Based on the minutes from a meeting with the FDA on January 19, 2017, the Agency has agreed to an improved protocol for the global Phase III trial of Cx601. With these current amendments, the FDA has agreed that the BLA could be filed based on the efficacy and safety follow-up of patients assessed at week 24, instead of week 52. Furthermore, the FDA has agreed to accept fewer patients than originally planned in the study, and has endorsed a broader target population that will ultimately facilitate the recruitment process. With these adjustments, the study will benefit from an expedited recruitment process that should lead to shorter timelines, an earlier filing, and the possibility of an earlier approval in the U.S. As a result of these modifications, the trial design is even more similar to the European ADMIRE-CD than it was before.

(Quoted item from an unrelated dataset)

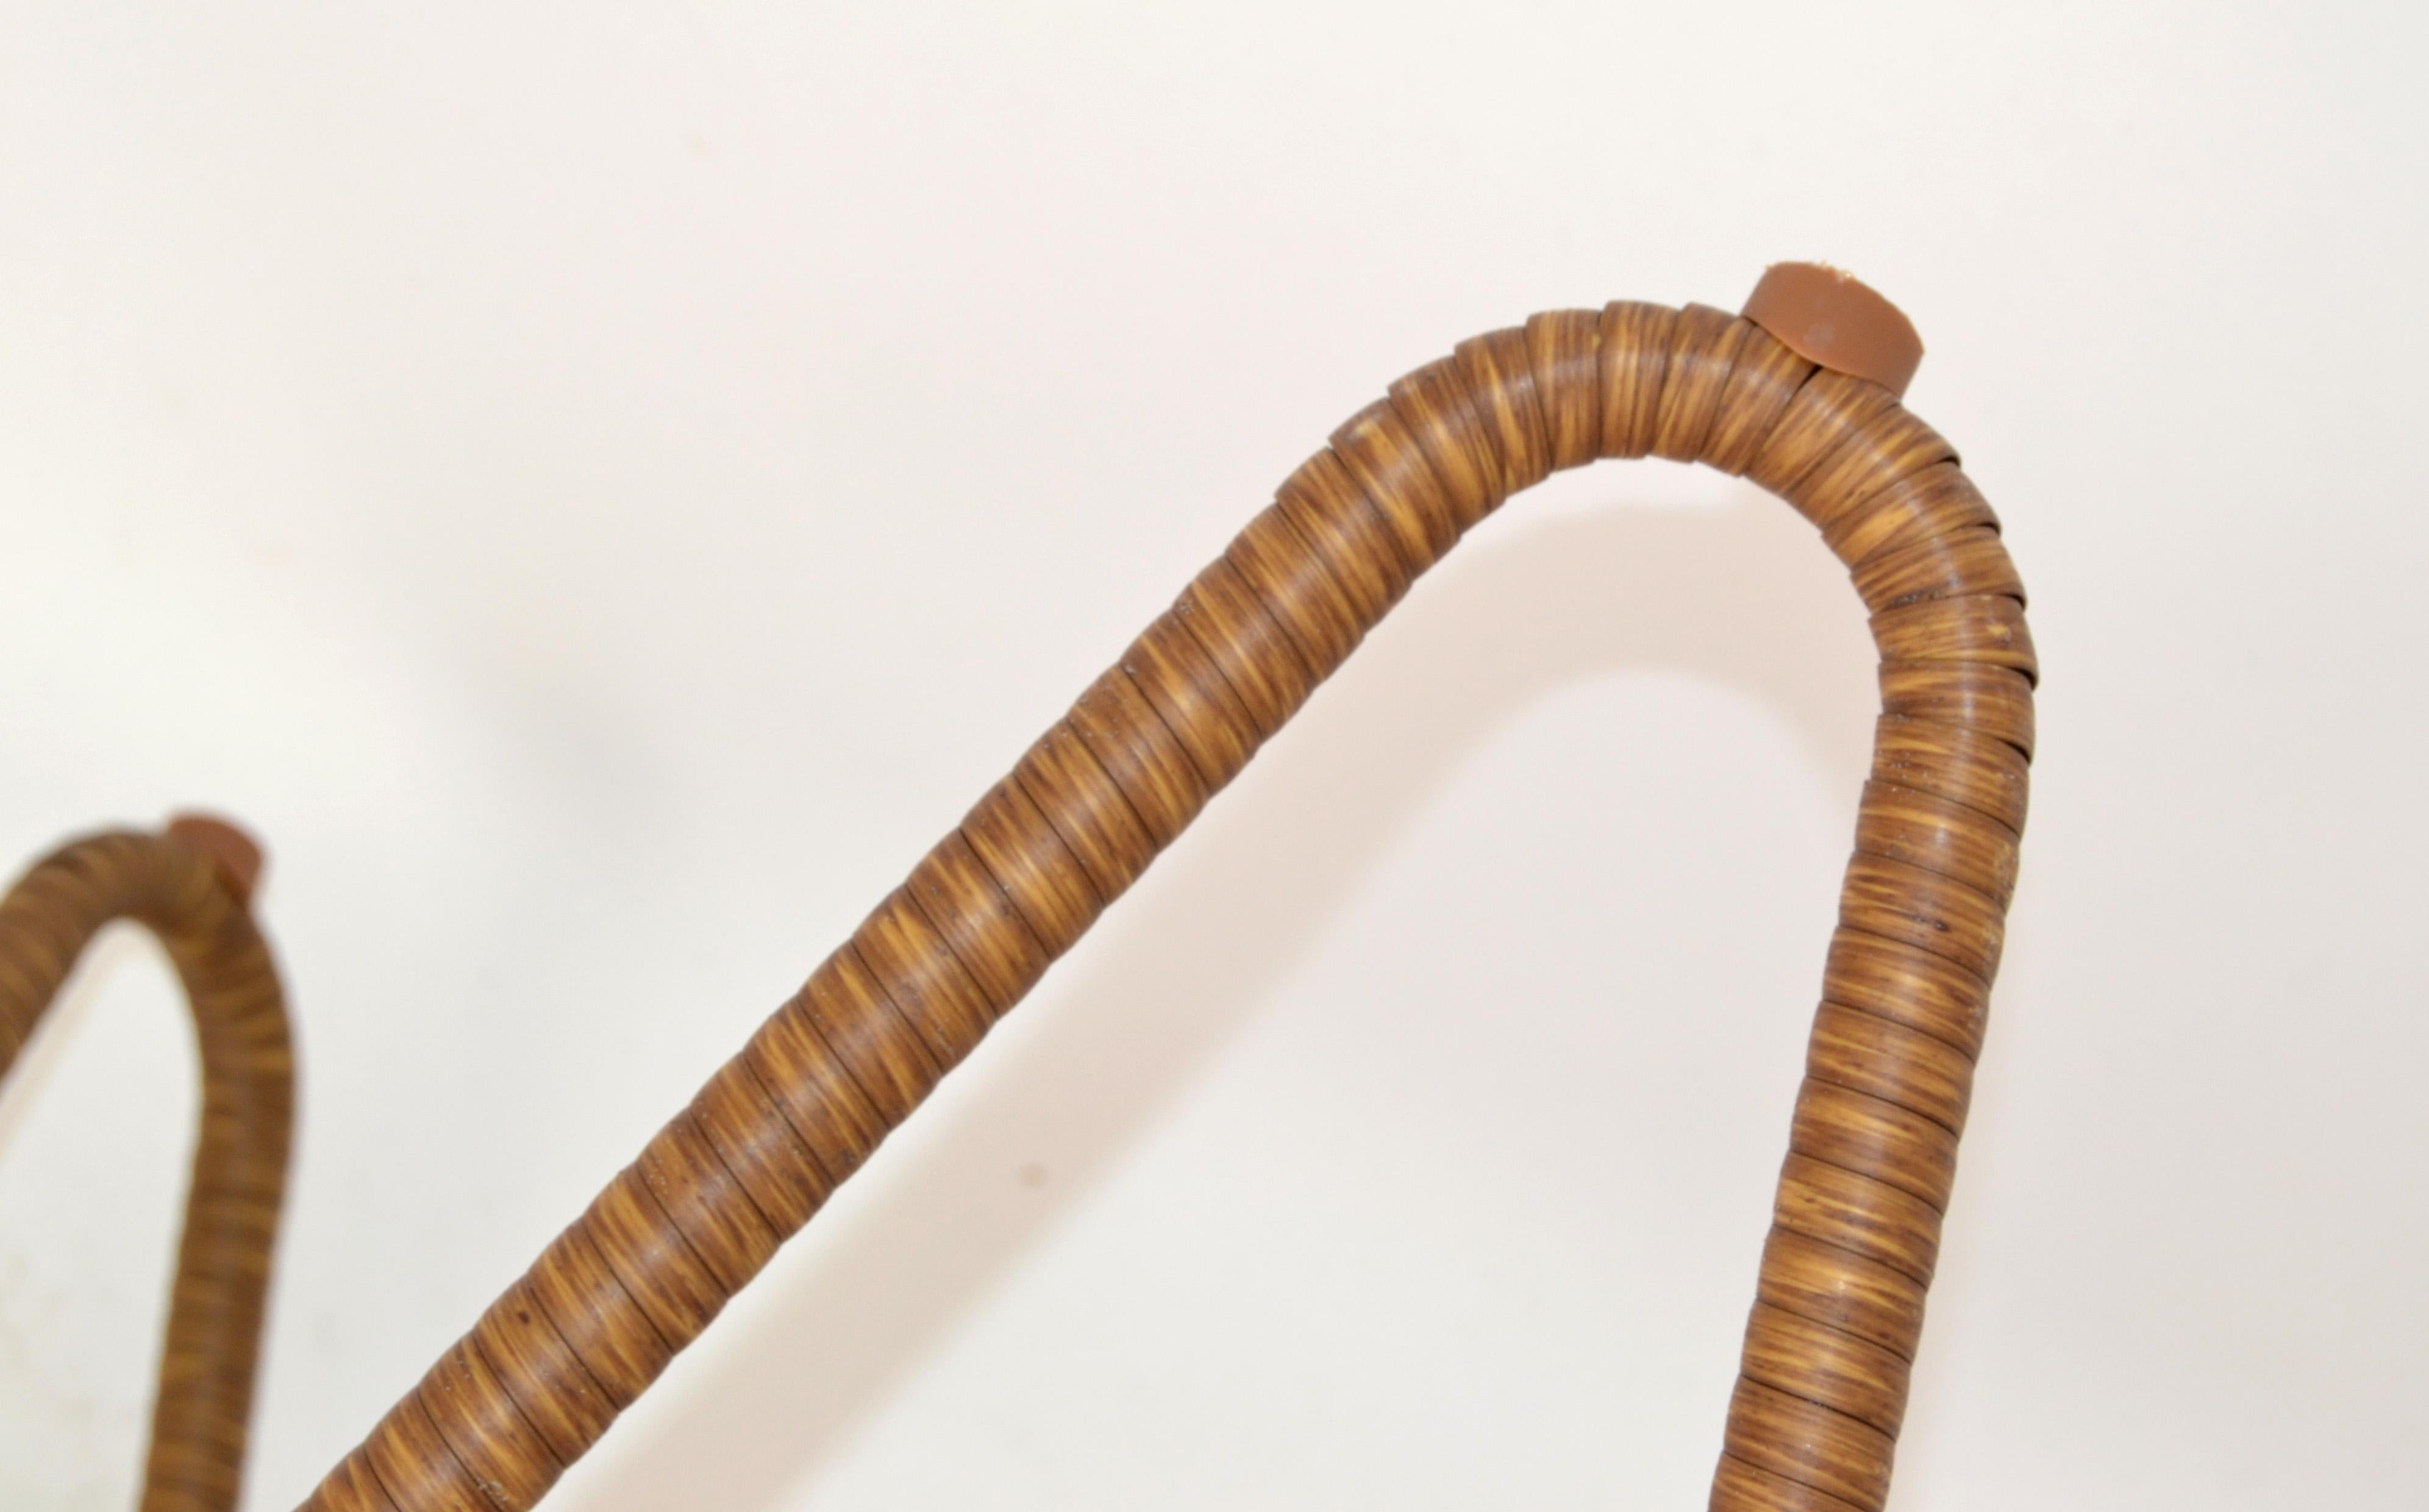 Organic Modern Sculptural 3-Legged Stool Wrought Iron Hand-Woven Cane Bindings For Sale 4
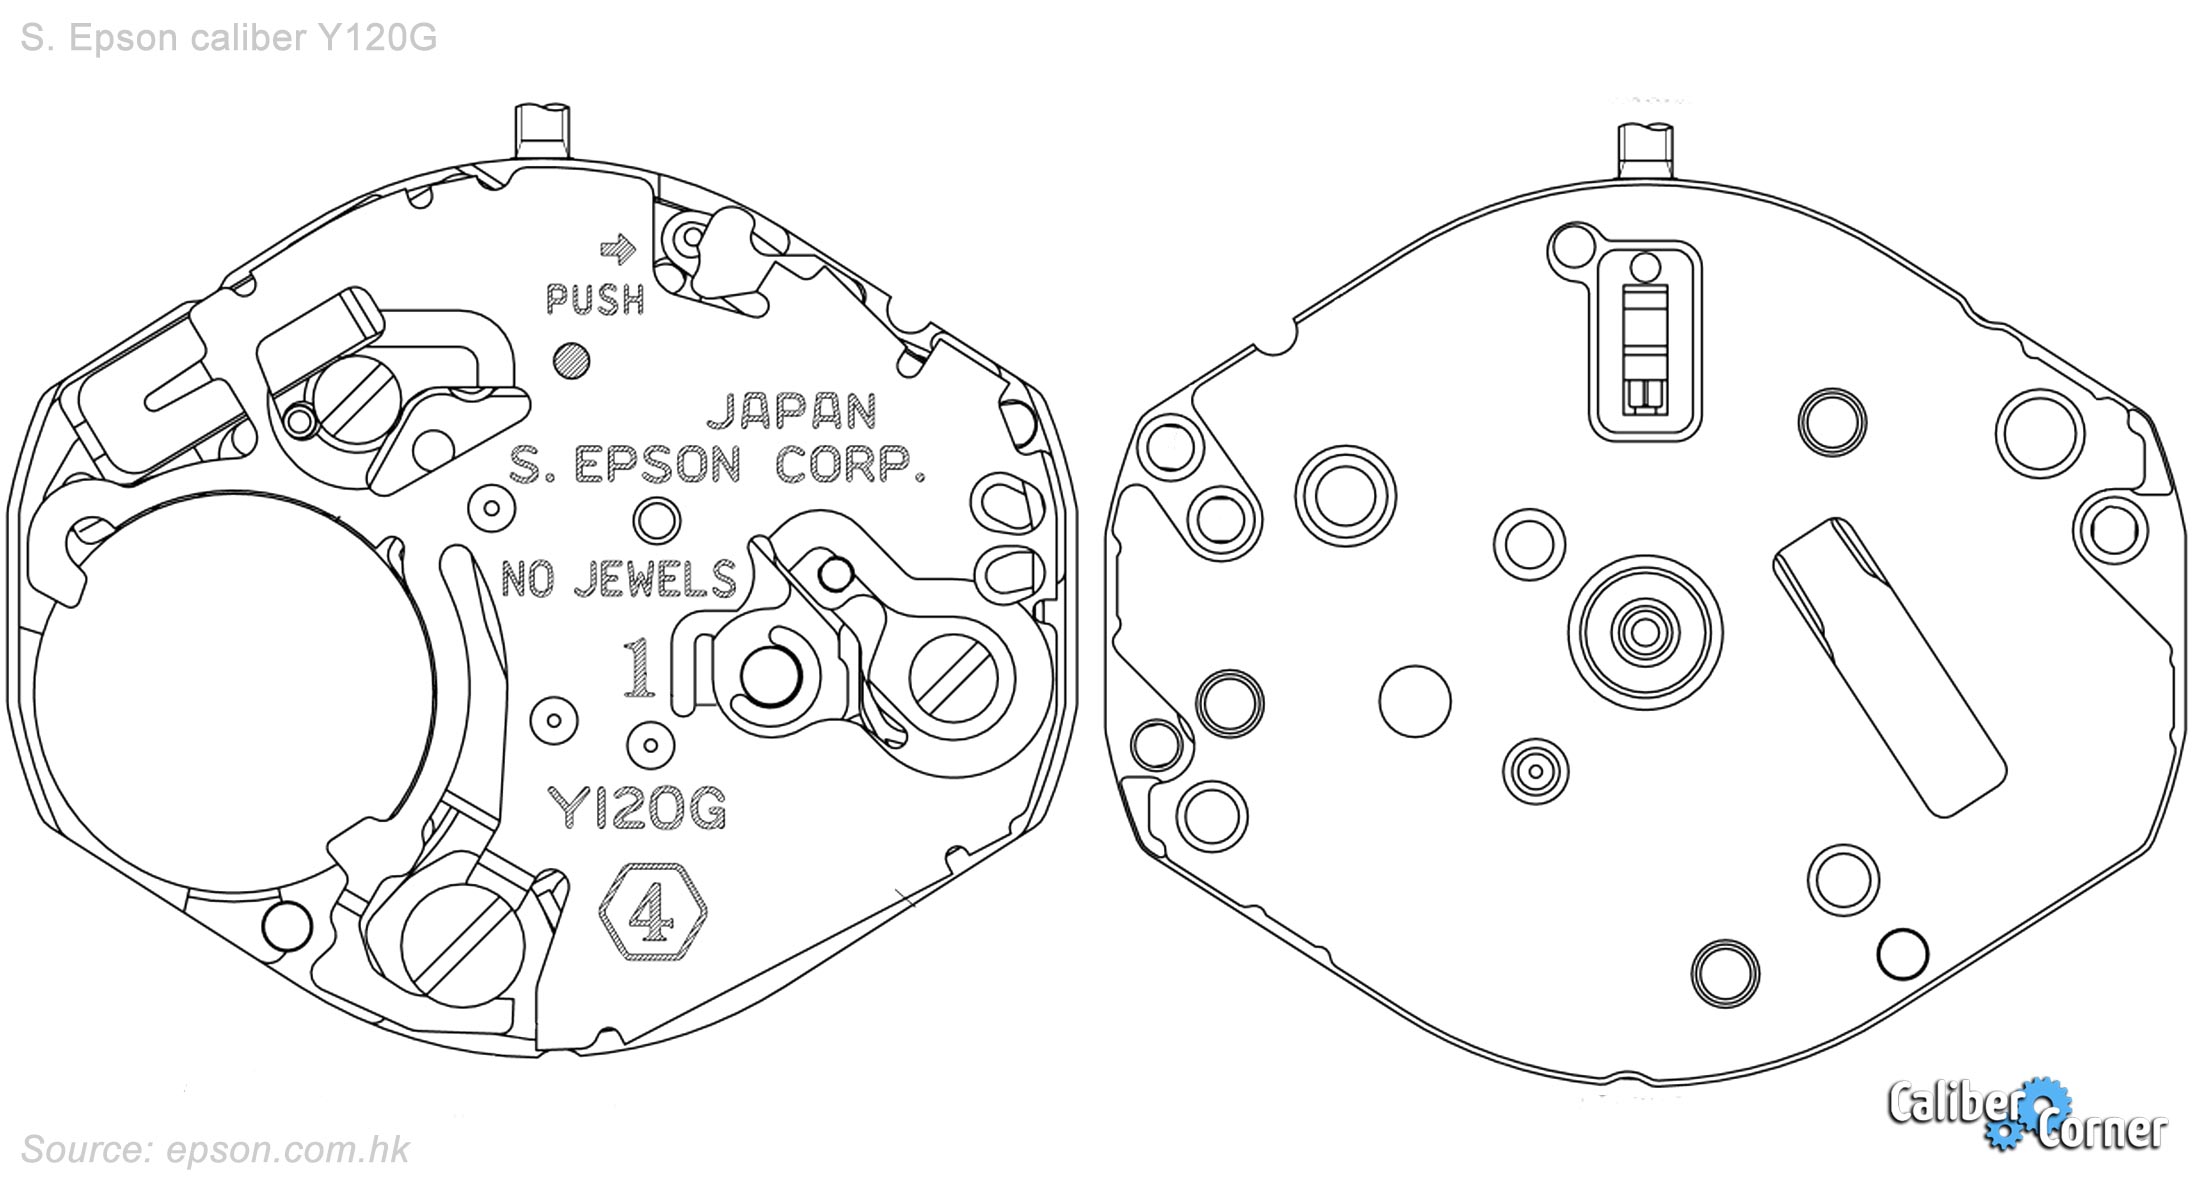 Seiko Epson Caliber Y120g Drawings

“We are pleased to have had the opportunity to meet with the FDA and receive the Agency endorsement for our proposals for this improved protocol,” said Dr. Maria Pascual, VP Regulatory Affairs & Corporate Quality of TiGenix. “We continue to be focused and committed to bringing Cx601 to U.S. patients as soon as possible. We believe that this revised protocol will allow us to file for approval one year earlier than we had originally planned,” concluded Dr. Pascual.

The global pivotal Phase III trial for the U.S. registration of Cx601 is expected to begin in the first half of 2017. In parallel, TiGenix is exploring further expedited pathways to accelerate the submission and review process for its future BLA.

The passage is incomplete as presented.